Tuesday, April 27, 2004

ongoing · Web Services Theory and Practice

ongoing · Web Services Theory and Practice Excerpt -- entire essay is definitely worth reading:
"Declarative Application Building This is the idea, most publicly on display in the various flavors of BPEL and WS-Choreography, that you don’t need to write a bunch of icky procedural code to deploy your sophisticated Web-Services application. You write a bunch of declarative statements, which is good, only they’re in XML, which is better. Once you’ve written them, your application builds itself!
Sounds great, right? Except for I’ve seen this movie before; twice, in fact. The first time was during the Eighties with the advent of the 4GL’s (“Fourth-Generation Languages”), whose value proposition read more or less exactly the same: build your application declaratively and let us take care of the details. Then again in the Nineties, there was a (now mostly forgotten) class of application called “Workflow”; the idea was you diagrammed out your business processes as a sequence of events. You could put in conditional branches and loopback conditions, and there were these way-cool graphic front-ends so you could actually see the processes right there on the screen. Then the workflow applications would route your work among the fallible human cogs who actually did it, only there wouldn’t be expensive mistakes any more.
There were some problems, though. It turned out with 4GL’s, you could build 90% of your application in no time at all, but there always seemed to be one or two little pieces that were necessary but required some tricky procedural code and took endless effort to get done, and sometimes you couldn’t.

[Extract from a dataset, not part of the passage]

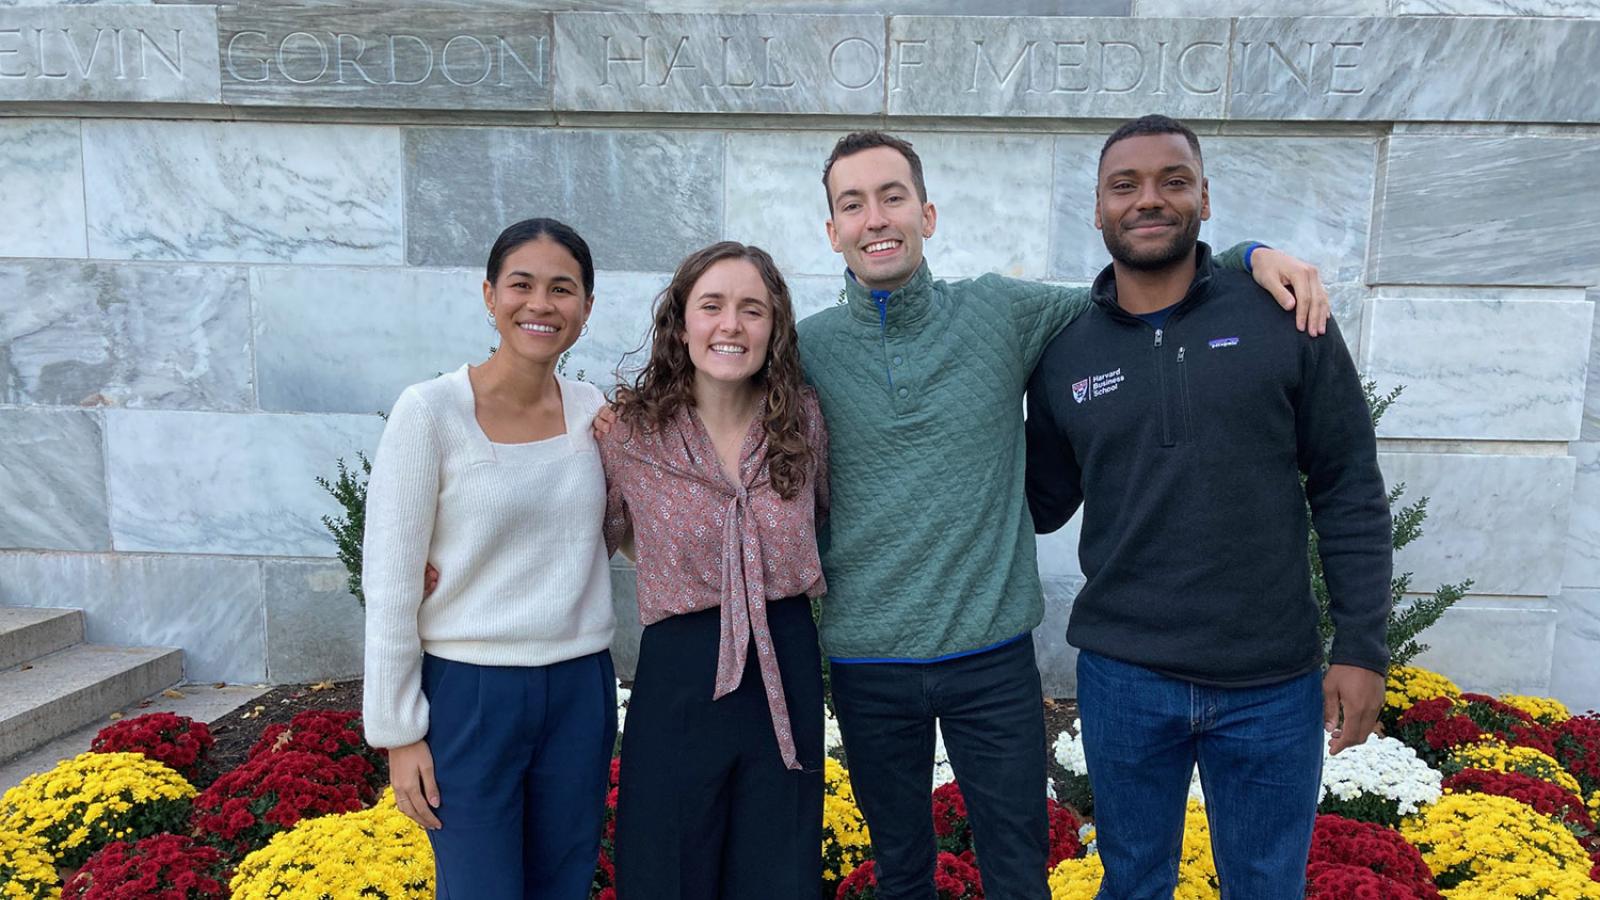 Julia Foote '18, Samantha Little '20, Sal Daddario '18 and Aseal Birir '18 at Harvard Medical School outdoors with flowers in background

And as regards the workflow products, I never once heard of a single successful deployment of a complex automated-workflow scenario on any scale. It works OK for simple workflows, like at an HMO: so many thousand transactions come in the door every day, most get approved and paid, a smaller proportion get kicked up to second level, then human judgment takes over. But complex workflows resist automation, mightily.
Once again, I’m not saying it can’t be done, or that it’s not a good idea. I’m just saying that it’s not a safe bet today for the prudent businessperson."